I never knew waking up the morning of July 4th, 2006 would be one of the most memorable dates of my life. We did our normal routine, hanging around the hotel and finally leaving around 3 for the ballpark. I knew there was a chance I'd be pitching this night so I was trying to get myself mentally prepared as best as I could, knowing my arm just wasn't right. Fast forwarding to the 6th inning, I got the call to pitch and came into the game vs. the Chukars who are an affiliate of the Kansas City Royals.
Never did I expect this would be the last time I set foot on a pitcher's mound in a competitive game. Something was clearly wrong. Delivering each pitch resulted in a shooting pain in my elbow, causing me to over compensate and completely ignore my "normal" mechanics. It was so bad that my best friend and teammate Jared Incinelli, came to me afterwards asking if I was "okay" because my mechanics looked completely different. This was b/c I was in pain and trying to over compensate and not tell anyone... trying to toughen it out and not be seen as a quitter. If anyone knew me, it was Jared since we were teammates and best friends for 5 years prior.

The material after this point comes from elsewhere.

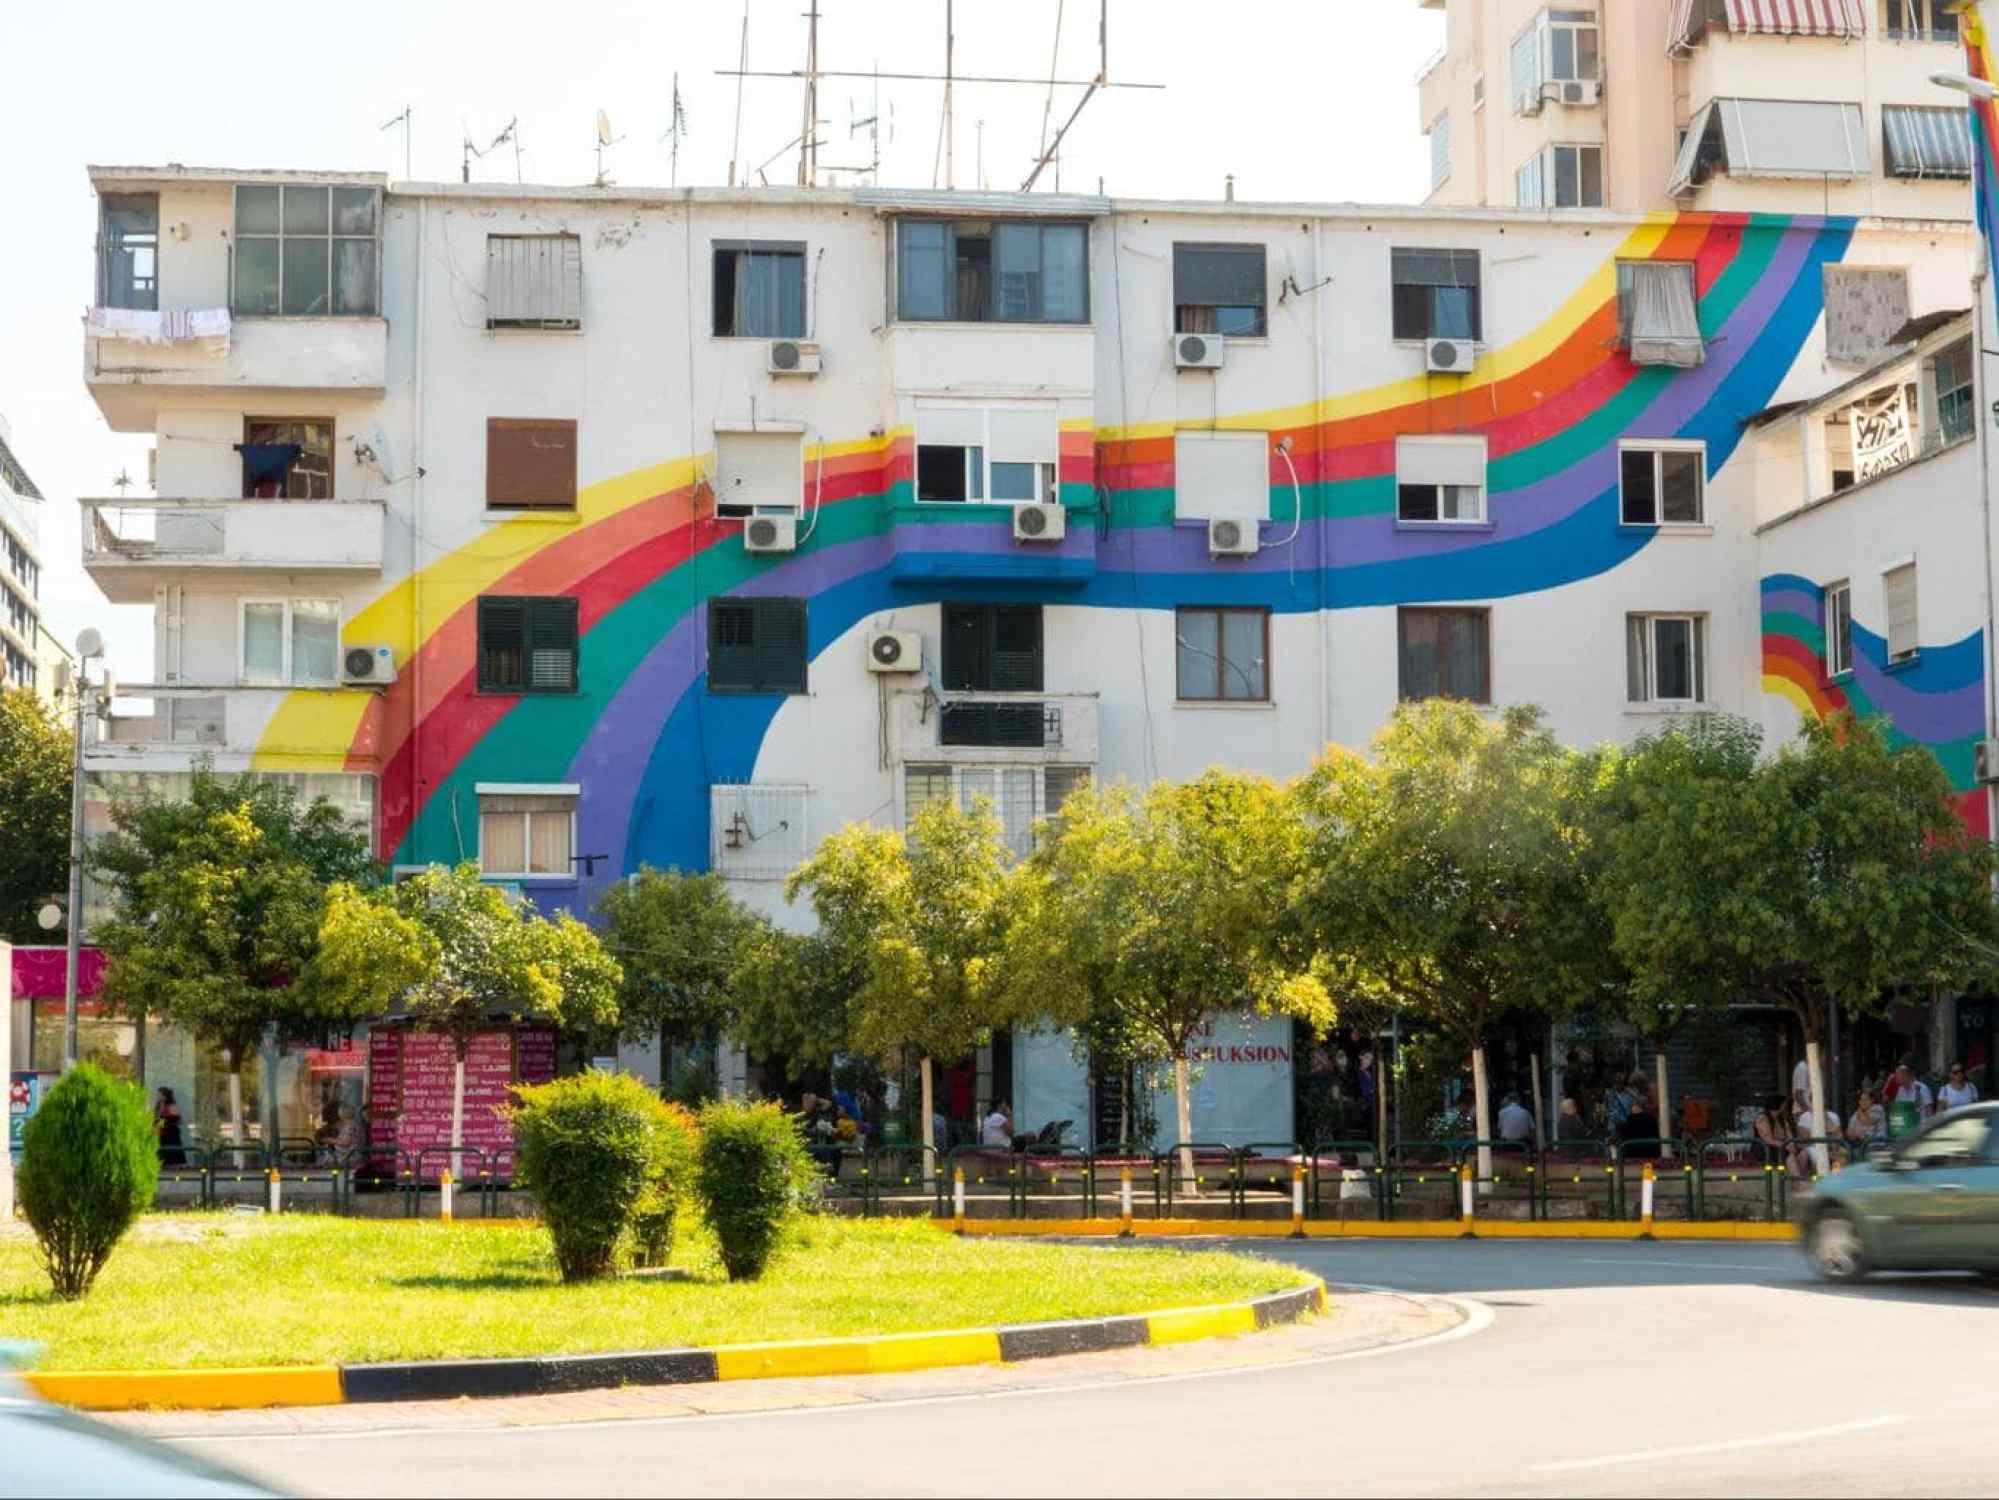 Tirana's rainbow building

Needless to say, I did not have a good outing. I gave up 4 runs in the inning, including a homerun. Manager Tom Kotchman made his slow walk out to the pitcher's mound, held out his hand for the ball, and signaled down to the bullpen for a relief pitcher to come in. At this moment, a feeling came over me like never before. Any other time in the history of my pitching, I would basically fight the coach to leave me in the game. I HATED to be pulled from games b/c I knew I could get out of the situation or suck it up and finish the game. But not this time... I knew my body was telling me "it's time". So I made my slow walk off the field, only to be harassed by the opposing fans and telling me how I "suck" and all the typical opposing Minor League fan comments. This didn't affect me, I heard it, but I didn't listen to it. My mind was 100% focused on the pain and knowing that those steps off the baseball field into the dugout could very well be my last if I was being honest with myself.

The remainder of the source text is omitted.